Clustering

class: center, middle, inverse, title-slide

# Clustering
## K-means
### June 9th, 2021

---

## Brace yourselves

---

## Into statistical learning with unsupervised learning

What is __statistical learning?__
--
 [Preface of Introduction to Statistical Learning with Applications in R (ISLR)](http://faculty.marshall.usc.edu/gareth-james/ISL/):

> _refers to a set of tools for modeling and understanding complex datasets_

--
What is __unsupervised learning?__

--
We have `$p$` variables for `$n$` observations `$x_1,\dots,x_n$`, and for observation `$i$`:

`$$x_{i1},x_{i2},\ldots,x_{ip} \sim P$$`

- `$P$` is a `$p$`-dimensional distribution that we might not know much about *a priori*.

- _unsupervised_: none of the variables are __response__ variables, i.e., there are no labeled data

--
Think of unsupervised learning as __an extension of EDA...__

--
- `$\Rightarrow$` __there is no unique right answer!__

???

- Statistical learning is the process of ascertaining (discovering) associations between groups of variables

- unsupervised learning - where the goal is to discover interesting things about the data

---

## What is clustering (aka cluster analysis)?

--
[ISLR 10.3](http://faculty.marshall.usc.edu/gareth-james/ISL/ISLR%20Seventh%20Printing.pdf): 
> _very broad set of techniques for finding subgroups, or clusters, in a dataset_

--
__Goals__:

- observations __within__ clusters are __more similar__ to each other,

- observations __in different__ clusters are __more different__ from each other

--
How do we define __distance / dissimilarity__ between observations?

--
- e.g. __Euclidean distance__ between observations `$i$` and `$j$`

`$$d(x_i, x_j) = \sqrt{(x_{i1}-x_{j1})^2 + \cdots + (x_{ip}-x_{jp})^2}$$`

--
__Units matter!__

--
- one variable may _dominate_ others when computing Euclidean distance because its range is much larger

- can standardize each variable / column of dataset to have mean 0 and standard divation 1 with `scale()`

- __but we may value the separation in that variable!__ (so just be careful...)

???

It is the partitioning of data into homogeneous subgroups

Goal define clusters for which the within-cluster variation is relatively small, i.e. observations within clusters are similar to each other

---

## What's the clustering objective?

- `$C_1, \dots, C_K$` are _sets_ containing indices of observations in each of the `$K$` clusters

- if observation `$i$` is in cluster `$k$`, then `$i \in C_k$`

--
- We want to minimize the __within-cluster variation__ `$W(C_k)$` for each cluster `$C_k$` and solve:

`$$\underset{C_1, \dots, C_K}{\text{minimize}} \Big\{ \sum_{k=1}^K W(C_k) \Big\}$$`

- Can define using the __squared Euclidean distance__ ( `$|C_k| = n_k =$` # observations in cluster `$k$`)

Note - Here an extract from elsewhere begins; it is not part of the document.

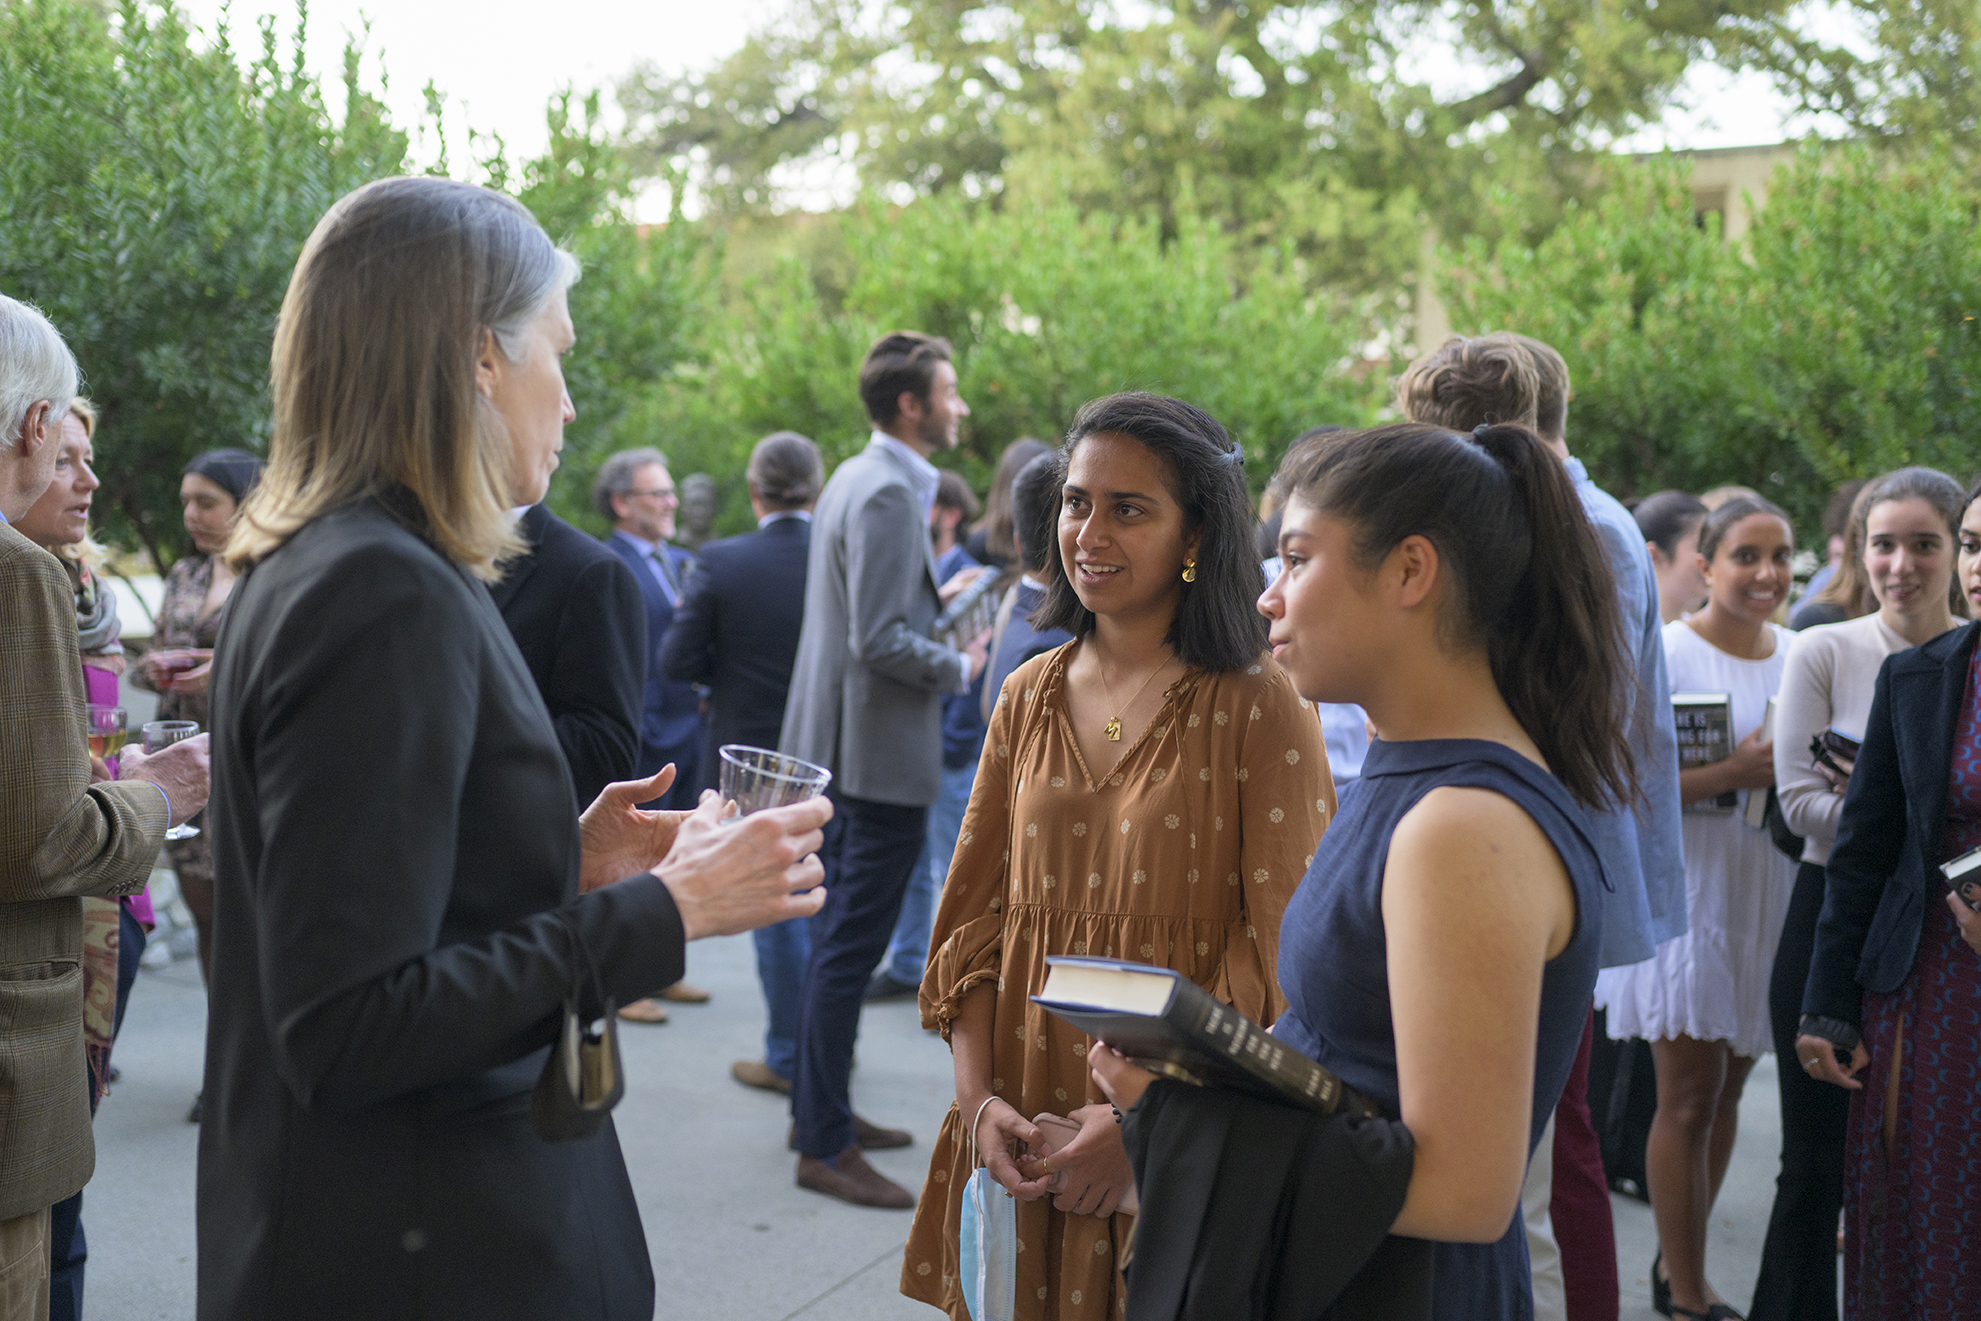 Fiona Hill speaks to two students on the Ath patio. Behind them, a line of students hold copies of her book and faculty mingle with other attendees.

`$$W(C_k) = \frac{1}{|C_k|}\sum_{i,j \in C_k} d(x_i, x_j)^2$$`

- Commonly referred to as the within-cluster sum of squares (WSS)

__So how can we solve this?__

---

## [Lloyd's algorithm](https://en.wikipedia.org/wiki/K-means_clustering)

.pull-left[

1) Choose `$K$` random centers, aka __centroids__

2) Assign each observation closest center (using Euclidean distance)

3) Repeat until cluster assignment stop changing:

- Compute new centroids as the averages of the updated groups
  
  - Reassign each observations to closest center

__Converges to a local optimum__, not the global

__Results will change from run to run__ (set the seed!)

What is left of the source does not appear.